Type II deficiency states are usually the result of single amino acid changes that result in functional deficits in a molecule that is otherwise synthesized and secreted into plasma in a normal fashion. The variant antithrombin molecules may have abnormalities at the reactive site or the heparin binding site.

There also exists a third category of type II deficiency where multiple or ‘pleiotropic' abnormalities affect the reactive site, the heparin binding site or the plasma concentration. Type II heparin binding site variants are not associated with a high risk of thrombosis unless the affected individual is a homozygote.¹⁴

Acquired causes of antithrombin deficiency

• Neonates: Neonates are particularly vulnerable because of the reduced level of antithrombin at birth (30-50% of adult levels), even in healthy, full-term babies. However, healthy newborns do not have the thrombotic tendency noted in adults with similarly reduced values because of simultaneous reductions in their procoagulant levels and perhaps due to a protective role of alpha2-macroglobulin as a thrombin inhibitor in the neonate and in childhood. Antithrombin levels depend on the gestational age of the newborn, and they rise to approximately 60% of adult levels 1 month after birth. Genetic mutations also influence this level, but the superimposition of serious illnesses, which can further reduce antithrombin, due to increased consumption, decreased production, or both, can have significant consequences.
• Acute respiratory distress syndrome (ARDS): ARDS is a known secondary cause of antithrombin deficiency and is a major cause of both morbidity and mortality in the newborn. Extracorporeal membrane oxygenation used in the treatment of respiratory failure can be associated with reduced antithrombin and thrombotic events. Other causes of acquired reductions of antithrombin in neonates include sepsis, asphyxia, liver disease, other causes of DIC, and maternal preeclampsia or eclampsia.
• Pregnancy: No substantial reduction of antithrombin occurs during normal pregnancy. However, pregnancy-induced antithrombin deficiency is more likely to be seen in twin and triplet pregnancies.¹⁷ Diseases associated with pregnancy, such as eclampsia, hypertension of pregnancy, hepatopathy characterized by elevations in liver enzymes, and DIC, can also reduce antithrombin levels. In these conditions, low-grade activation of coagulation with consumption of antithrombin is evident before gross deterioration of coagulation parameters occurs.
• Liver disease: Synthesis of antithrombin and other physiologically important inhibitors of hemostasis, synthesis of procoagulants, and clearance of activated coagulation factors are all regulated by the liver. Thus, the liver plays a central role in hemostasis. The severity of liver disease correlates with reductions in antithrombin antigen levels. These reductions are due not only to impaired synthesis but also to an element of increased consumption, particularly when additional risk factors, such as sepsis, surgery, and hypotension, are present in patients with chronic liver disease.
  
  Patients with acute, massive hepatocellular injury and elevations of liver enzyme levels can often have a significantly larger component of a consumptive process than patients with slowly progressive end-stage liver disease.
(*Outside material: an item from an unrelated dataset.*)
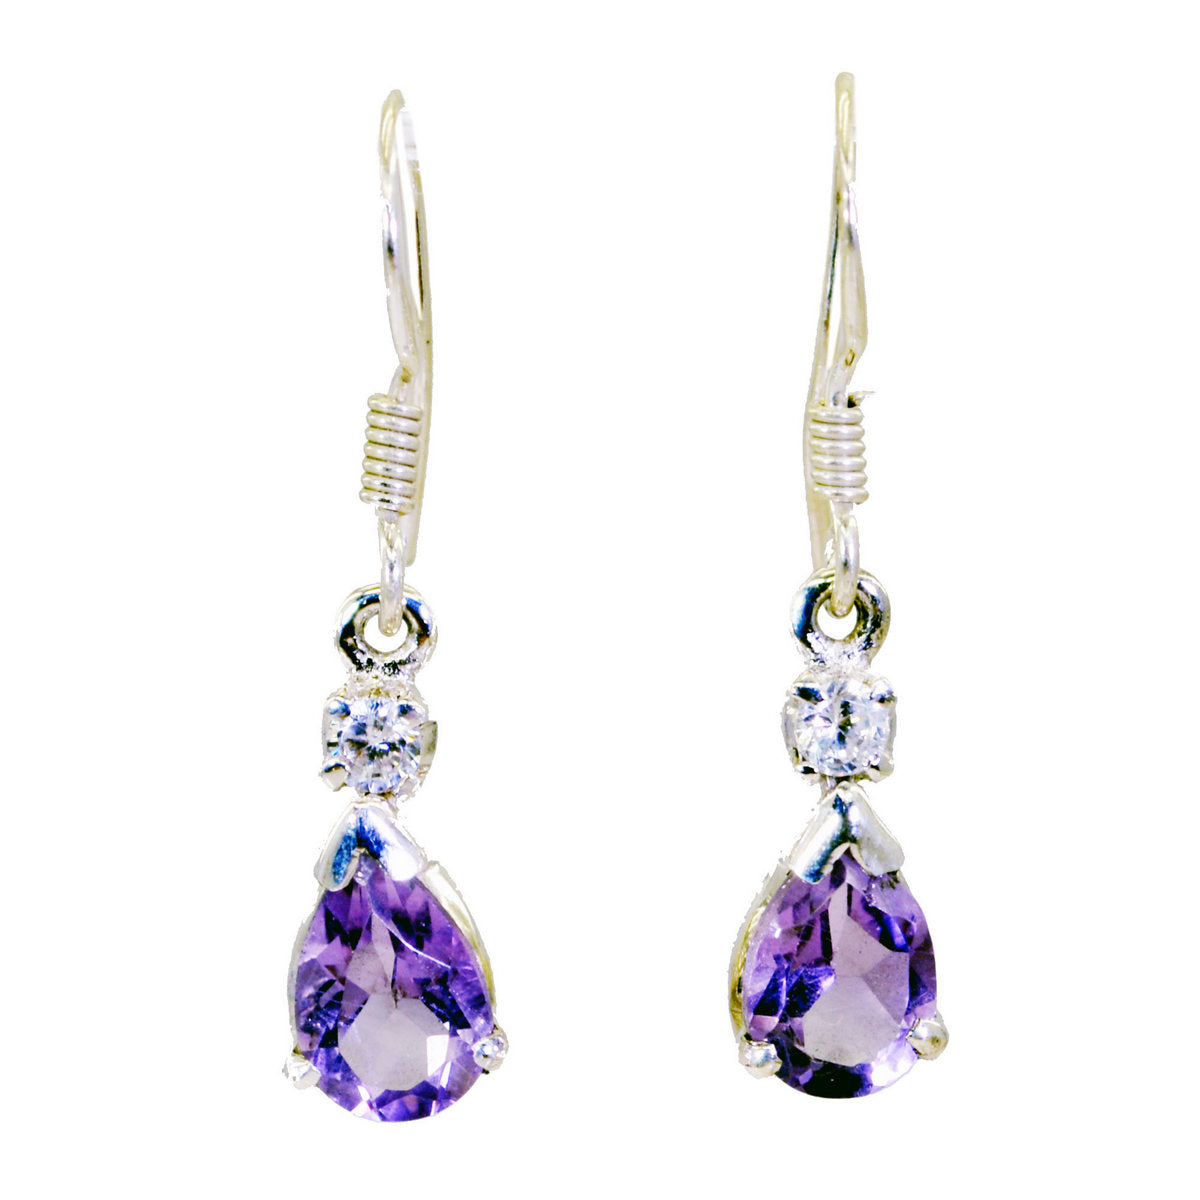 Riyo Good Gemstones multi shape Faceted Purple Amethyst Silver Earrings gift for friendship day

Because of decreased synthesis of inhibitors as well as decreased ability to clear activated coagulation factors, patients undergoing orthotopic liver transplantation predictably develop a DIC with reduction in antithrombin levels.
• Kidney disease: Patients with nephrotic syndrome lose antithrombin in the urine, resulting in reduced plasma levels, and are at higher risk for thrombotic events. Conversely patients with inherited antithrombin deficiency may develop renal failure due to renal vein thrombosis or due to fibrin deposition in the glomeruli. The degree of compromise in renal function maybe such that these patients need renal replacement therapy. Furthermore as renal dysfunction develops these patients would lose progressively more antithrombin in urine and thus be more prone to developing thrombotic episodes.¹⁸
• Bone marrow transplantation: Venoocclusive disease (VOD) is seen in patients who undergo bone marrow transplantation, particularly in unrelated-donor transplantations, and is associated with the development of microthrombi in the terminal hepatic venules. This results in a rapid, marked deterioration of liver function causing a coagulopathy with a reduction in the level of antithrombin and, consequently, significant morbidity and mortality.
• Drug-induced reduction in antithrombin levels: Heparin given by intravenous or subcutaneous routes causes an approximately 30% reduction in antithrombin levels, presumably due to rapid clearance in vivo of heparin-antithrombin complexes. Plasma samples to determine baseline antithrombin levels must therefore not be drawn after exposure to heparin.
• Estrogens/oral contraceptives: A large body of literature shows that estrogens/oral contraceptives can reduce antithrombin levels, resulting in a hypercoagulable state.

Frequency

United States

An autosomal dominant trait, inherited antithrombin deficiency has a prevalence between 0.2/1000 and 0.5/1000. In the general population, the incidence is thought to be in the range of 0.2-0.4%, with approximately 65% of biochemically affected individuals experiencing a thrombotic event. Inherited antithrombin deficiency contributes to about 1% of thrombotic events in the affected population. The frequency of acquired antithrombin deficiency depends on the frequency of the associated disease process.

International

In a study on 4000 Scottish blood donors the prevalence of type I antithrombin deficiency was found to be 0.2/1000 and that of type II heparin binding site antithrombin deficiency was found to be 2-3/1000.¹⁹ Antithrombin deficiency is not restricted to any particular ethnic group and has been found in many countries.

Mortality/Morbidity

Patients who are heterozygous for type I or II antithrombin deficiency develop significant thromboembolic complications, generally involving the deep veins. Patients may develop recurrent VTE disease at an early age and, if the condition is unrecognized or inadequately treated, they may die from such events. Long-term consequences, such as chronic leg ulcerations, severe venous varicosities, and postphlebitic syndrome, are common from repeated episodes of VTE, which cause significant morbidity. The prognoses of patients with reductions in antithrombin as part of other systemic disorders depend on the underlying disorder.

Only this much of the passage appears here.